Association of EYFP-ATM2 to the membrane-peripheral actin cytoskeleton. A, 3D projection of confocal z-stacks (0.3 µm slices) of a tobacco pollen tube transiently coexpressing EYFP-ATM2 (green) and the actin marker LifeAct-RFP (magenta), acquired by spinning disc microscopy. Scale, 10 µm. B, Representative images of different confocal slices (z1, z3, z7, z17) starting from the membrane surface extracted from the 3D projection (A). White indicates the colocalization of the fluorescence signals at the cell periphery. Scale, 5 µm. Image: Wagner

Vera Wagner's Master thesis was awarded with the Prize for the Best Plant Science Master Thesis, which was carried out at Martin-Luther-Universität Halle-Wittenberg in the year 2022

Title: Regulatory lipids at the membrane-actin interface in polar growing plant cells

The results of this work indicate for the first time that class VIII myosins mediate actin attachment to plasma membrane phosphoinositides, with phosphatidylinositol-(4,5)-P2 nanodomains playing a particularly important role.

The polar tip growth of pollen tubes requires the coordination of membrane-associated processes for focused secretion and recycling of membrane vesicles with the dynamics of the cytoskeleton. Using a combination of in vitro characterization of recombinant proteins and live cell confocal microscopy, the role of previously little studied plant-specific class VIII myosins at the actin-membrane interface of pollen tubes was investigated. The main results are based on in vitro lipid overlay tests and liposome sedimentation tests, on the modification of the target proteins as well as quantitative image analysis of transiently expressed fluorescence fusions.
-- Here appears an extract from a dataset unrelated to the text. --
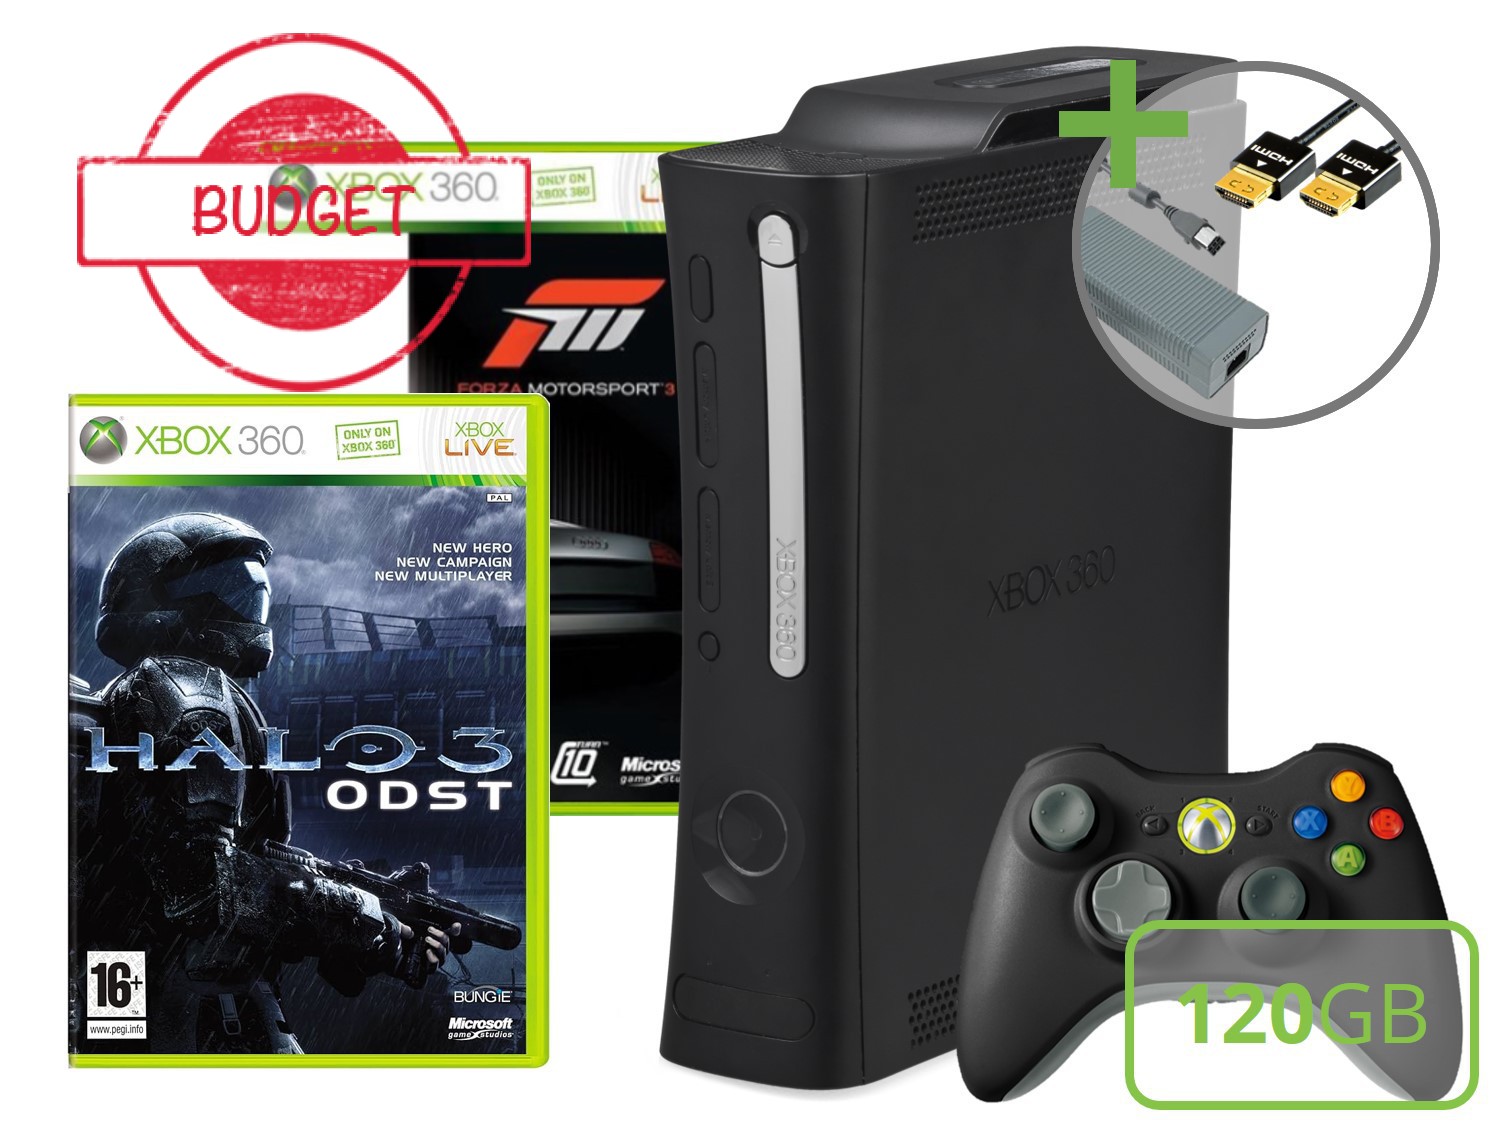 Microsoft Xbox 360 Elite Starter Pack - Forza Motorsport 3 and Halo 3: ODST Edition - Budget - Xbox 360 Hardware
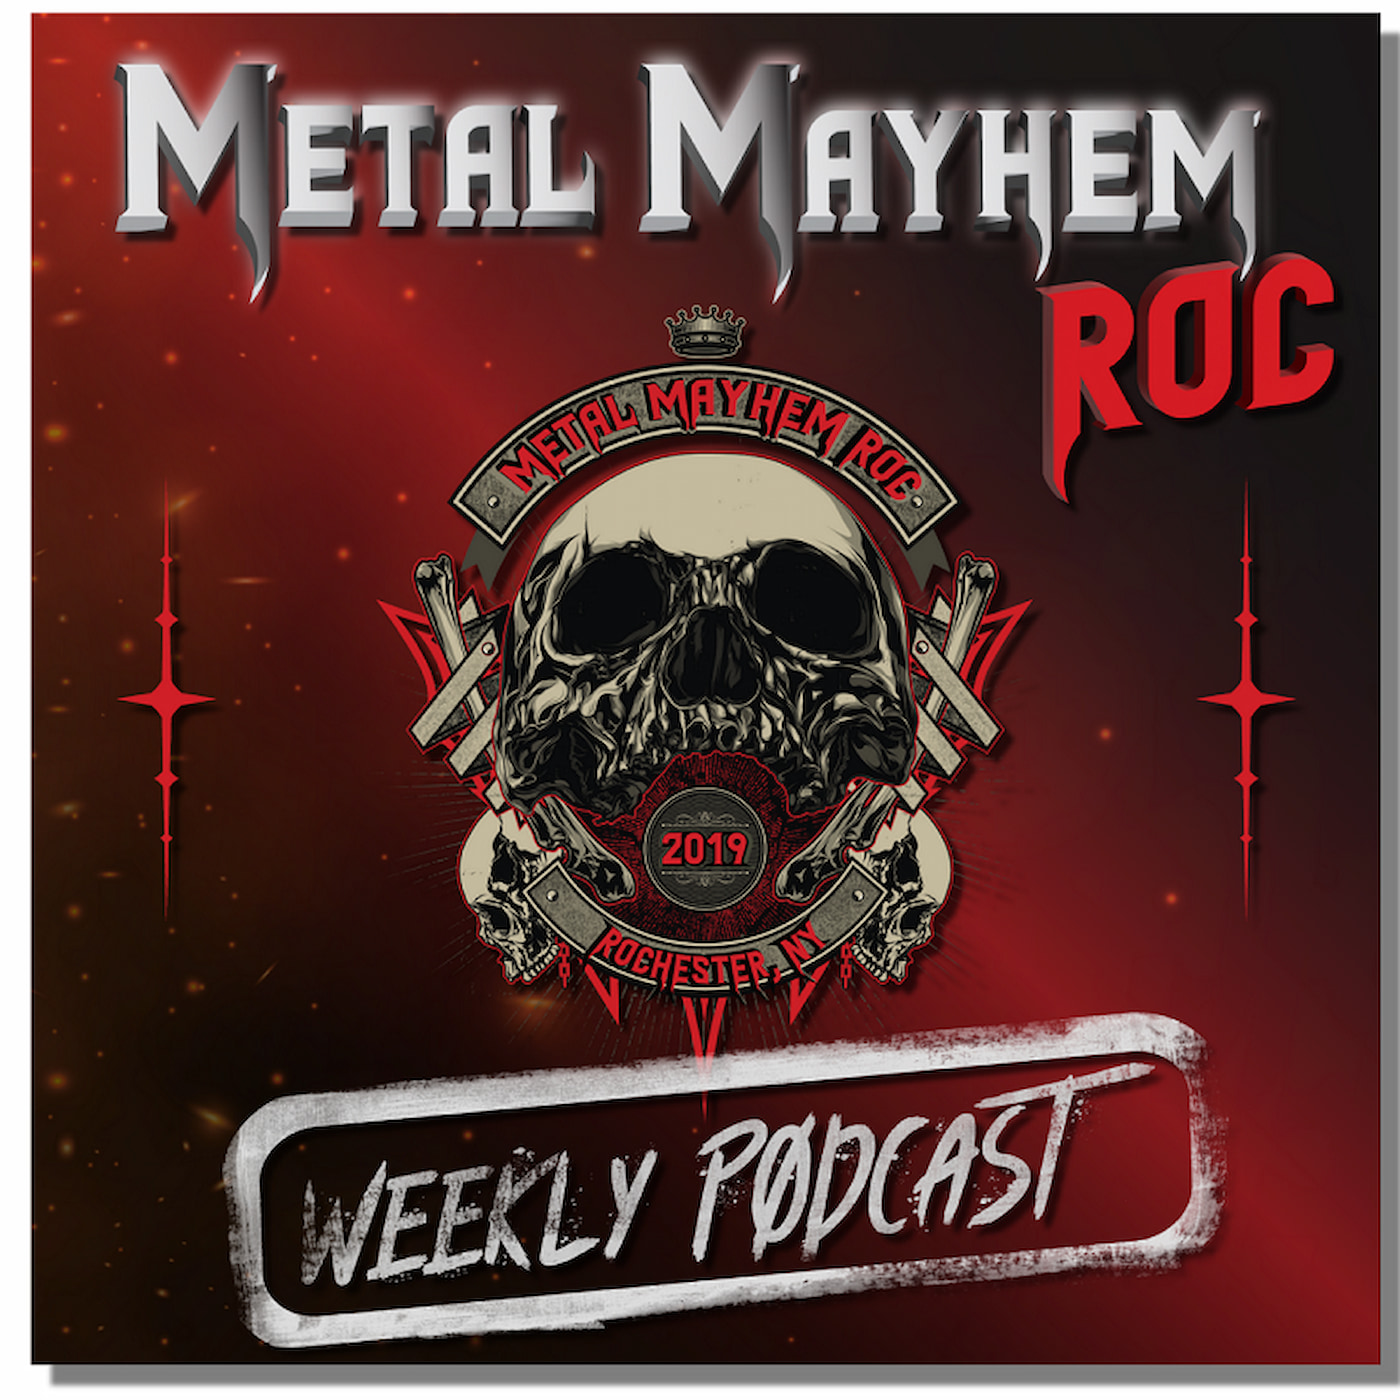 Metal Mayhem ROC Image

Class VIII myosins are characterized by high-affinity binding to actin and low motor activity. However, their physiological function is not well understood so far. In Arabidopsis thaliana are four members of class VIII myosins, two of which are specifically expressed in pollen. The analyses presented here show that the pollen-specific representatives ATM2 and VIII-B can bind to anionic membrane lipids and this binding is mediated by a C-terminal polybasic sequence region, which representatives of the other plant myosin class XI lack. Fluorescently labeled ATM2 fusions localize in pollen tubes to the subapical plasma membrane and to filamentous structures of the cell periphery, which colocalize with cortical actin. This distribution pattern supports a function of ATM2 at the actin-membrane interface. Deletion of the lipid-binding C-terminal region or alternative coexpression of the phosphoinositide phosphatase SAC9 both decrease plasma membrane association of ATM2, indicating that binding of ATM2 to anionic lipids is necessary for its membrane association. The reduced membrane association of ATM2 further reduces a stabilizing effect of ATM2 on actin dynamics observed here for the first time. The presented results advance the understanding of the dynamic regulation of the actin cytoskeleton by membrane lipids and define class VIII myosins as elements of the actin-membrane interaction. The membrane association of class VIII myosins through binding to anionic lipids creates an interaction point between actin filaments and lipid nanodomains of the plasma membrane. The resulting local stabilization of the membrane contact presumably subsequently facilitates the interaction with other regulatory proteins for the coordination of the apical secretion.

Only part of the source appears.